The Minns Government is set to make big changes to New South Wales’s drug laws, by introducing an extensive pre-court diversion program for individuals in possession of small quantities of illegal substances.
It’s a move that could potentially see thousands of recreational users avoid jail time.
The Sydney Morning Herald has confirmed NSW Labor is about to unveil the changes in what will be the most substantial overhaul of drug laws in the state’s recent history.
The proposed changes, slated for introduction in parliament this week, includes a “two-strike” policy. It means individuals caught with small amounts of illicit drugs like ice, cocaine, and MDMA will have the option to receive fines and access health programs rather than being subject to criminal charges.
It is welcome news for drug advocates who have long been frustrated by NSW’s slow approach to changing its punitive stance on drug offences and signifies a change in direction from a government that previously had resisted calls for such changes.

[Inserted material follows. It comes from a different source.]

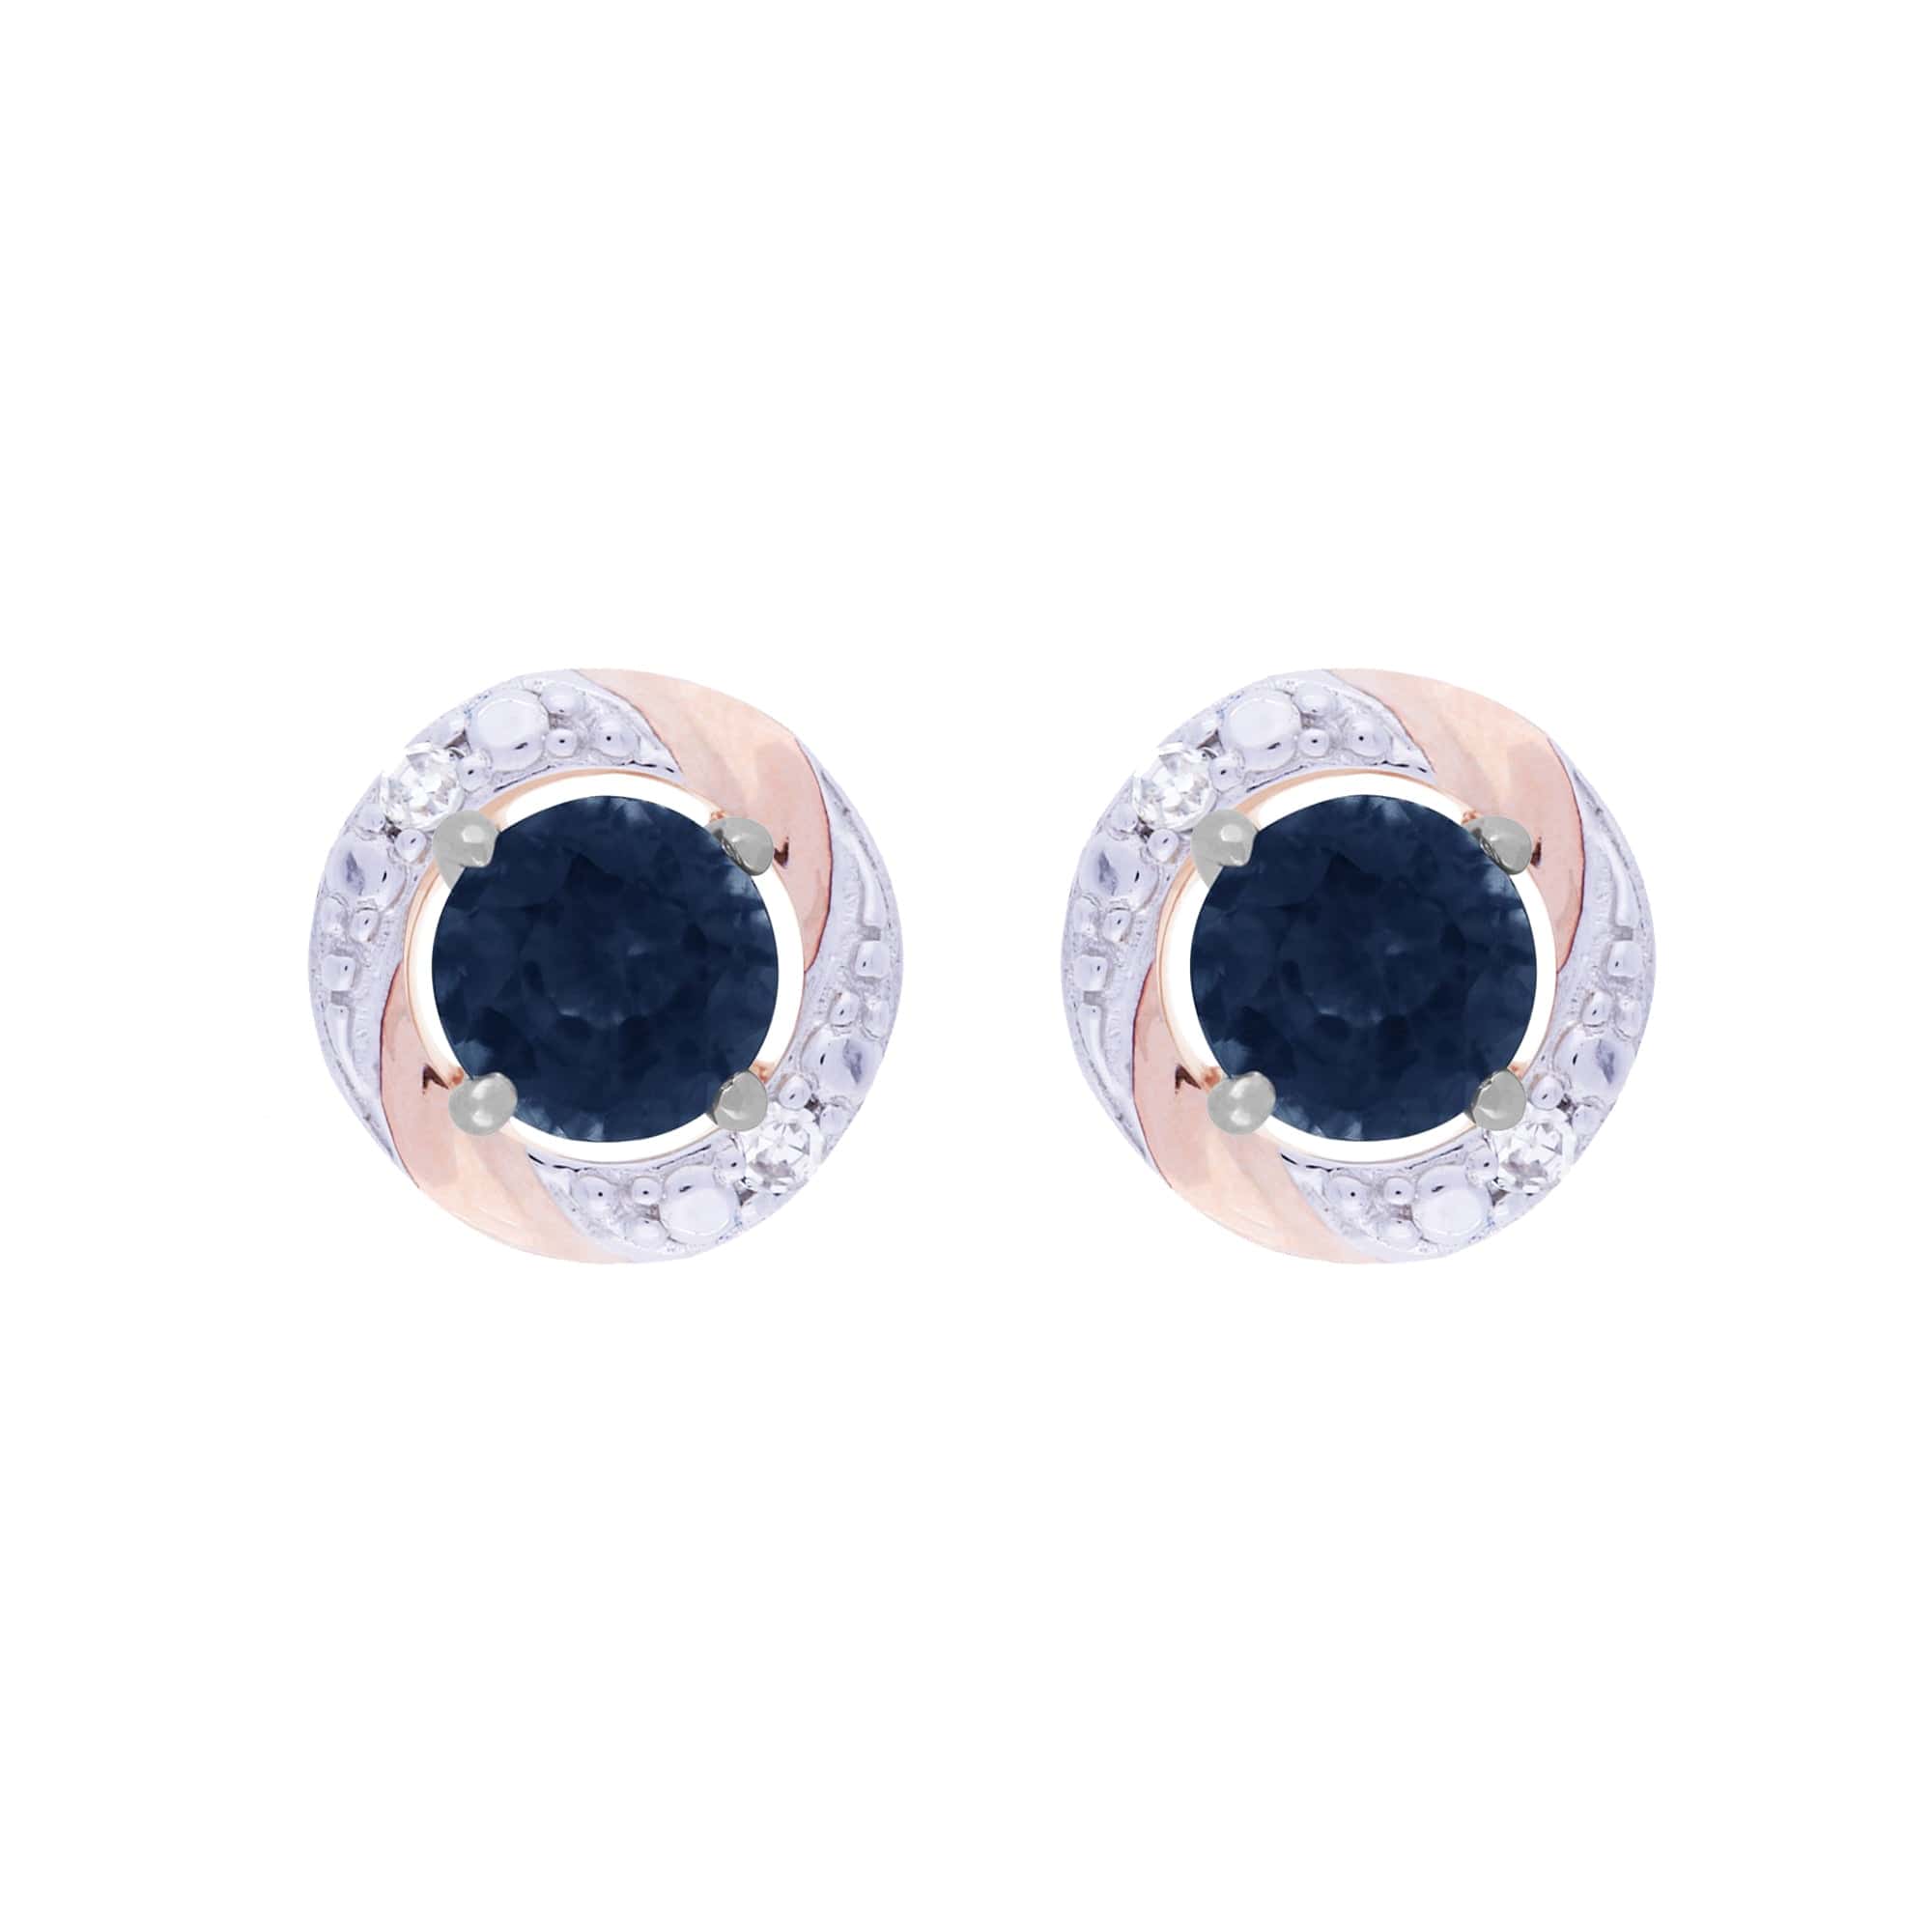 117E0031169-191E0378019 Classic Round Sapphire Stud Earrings with Detachable Diamond Round Earrings Jacket Set in 9ct White Gold 1

NSW Health Minister Ryan Park emphasized that drug use and addiction are primarily health issues that are “Drug use and addiction Far better addressed through health support outside the courts and criminal justice systems”.
This is an evidence-based approach in line with community expectations. It responds directly to expert evidence, and recommendations from the Special Commission of Inquiry into the drug ice.
Under the new scheme, law enforcement will have authority to issue up to two fines of $400 to adults found with small quantities of drugs equivalent to a possession offence. But fines would be waived if individuals complete a “tailored drug and alcohol intervention.”
Former Premier Dominic Perrottet had announced plans to expand the pre-court diversion program but delayed it until after the election.
While Premier Chris Minns has expressed support for legalising cannabis, he has been resistant towards backing broader drug reform since taking office. But several senior ministers within his government are known supporters of reform and pressure from the Greens and the Legalise Cannabis Party has mounted.
Legalise Cannabis MP Jeremy Buckingham wrote to Attorney-General Michael Daley in August, urging him to expand the drug cautioning scheme and address existing provisions related to cannabis offences. Buckingham argued the reforms would improve outcomes for individuals with lower-level drug offences. He noted that the existing scheme disproportionately affected First Nations people and called for changes to rectify this.
Daley responded by expressing the view that formal involvement with the criminal justice system only increases the chances of people reoffending and that necessary health support should be offered instead of becoming entangled in the criminal justice system.